Namaste: The Beautiful Relationship Between Yoga and Mental Health

Updated: Aug 2, 2019

When you think of yoga, what images come to mind? Do you imagine the tranquil yogi stretching on a serene mountaintop? Do you see the upside-down poses- the ones that make your hips quiver and ache?


There’s no doubt that yoga has numerous physical health benefits. However, research continues to show the impressive relationship between yoga and mental health. Let’s explore the top benefits you should know.


Yoga Aligns You With Your Breath


We’ve all heard the significance of taking deep breaths during stressful and uncomfortable situations. As it turns out, this advice doesn’t just derive from kindhearted old wives' tales. Research on mental health continues to emphasize how your breathing impacts your stress levels- and how your stress affects your overall emotional well-being.


Yoga can help your mental health

In your yoga practice, you will be instructed through a series of poses and postures. You may push your body past a certain limit. However, it’s your breath that moves you through the tension associated with each posture. It’s your breath that transcends the discomfort and pain. Finally, it’s your breath that keeps you going (even if you feel like you don’t want to keep going!).


Proper breathingis invaluable for your health. Your breathing shapes your energy, which can shape your mood and outlook. The more you can harness healthier breathing, the more connected you feel toward yourself. This connection is powerful because it can help keep you grounded during times of stress.


Yoga Can Help You With Trauma Healing


When you experience a trauma, it can be debilitating for both your physical and emotional well-being. Even if the trauma happened many years ago, you can store the memories and feelings in your bodies, and you carry that stress and anguish deep inside.


Trauma rewrites a narrative and may make it difficult for you to trust yourself or the world around you. It may trigger strong feelings of hypervigilance, terror, resentment. Trauma is personal, and it is challenging- while some people feel comfortable sharing their experience, others will avoid doing so altogether.


Research continues to show the positive benefitsof yoga for helping heal trauma symptoms. That’s because regulated breathing can impact the parasympathetic nervous system, which can reduce some of the dissociative symptoms of trauma. It’s also because yoga encourages the positive expression of the physical and psychological self. This boost can do wonders for your self-esteem, and self-esteem can be one of the best remedies for coping with trauma.
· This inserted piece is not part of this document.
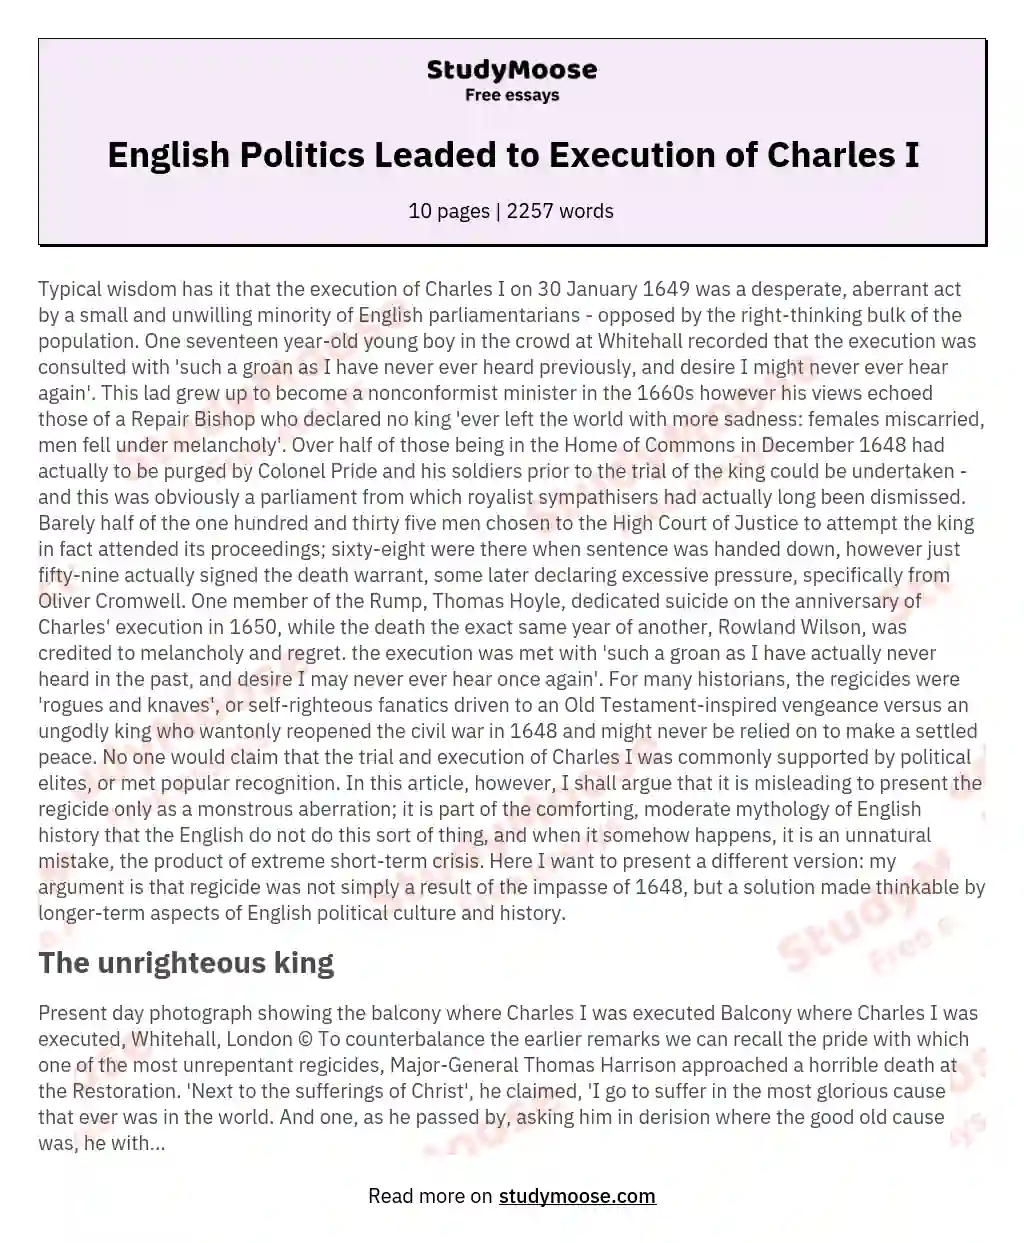 English Politics Leaded to Execution of Charles I essay

Yoga is all about individual choice. You choose the poses, you choose your comfort, and you ultimately choose how and when you practice. There is no pressure to move into space where you don’t feel comfortable. Because trauma violates personal agency, having this sense of empowerment can make a profound difference in healing.


Yoga Promotes A Sense Of Internal Compassion


Yoga isn’t like most conventional forms of exercise. You aren’t competing or trying to outdo anyone else. You aren’t trying to win at a particular game. You aren’t even necessarily asked to take certain risks.


Instead, yoga is a practice focused on internal gratitude. Instead of focusing on what your body needs to do, you’re focusing on what your body can do. That perspective naturally creates a healing space for self-awareness and kindness.


If you are part of the 91% of American womenwho are dissatisfied with their body image, learning how to treat your body with respect can be life-changing. Most of us spend our time fighting how we look and fighting the shape, size, and appearance of our bodies. There is a good chance you are harder with yourself than you are with treating other people. Reframing how you see yourself may do wonders for your mental health.


In yoga, you’re able to appreciate your body for its strength, resilience, and tenacity. You’re able to focus on how your body functions, adapts, and works for you every second of every day. If that’s not good for your mental health, what is?


Final Thoughts On Yoga and Mental Health


The perks between routine yoga and mental health are undeniable. Fortunately, you don’t need to be an expert to reap the benefits. Likewise, you don’t need fancy equipment or excess money to get started! All you need is a hard surface, mat, and an instructor.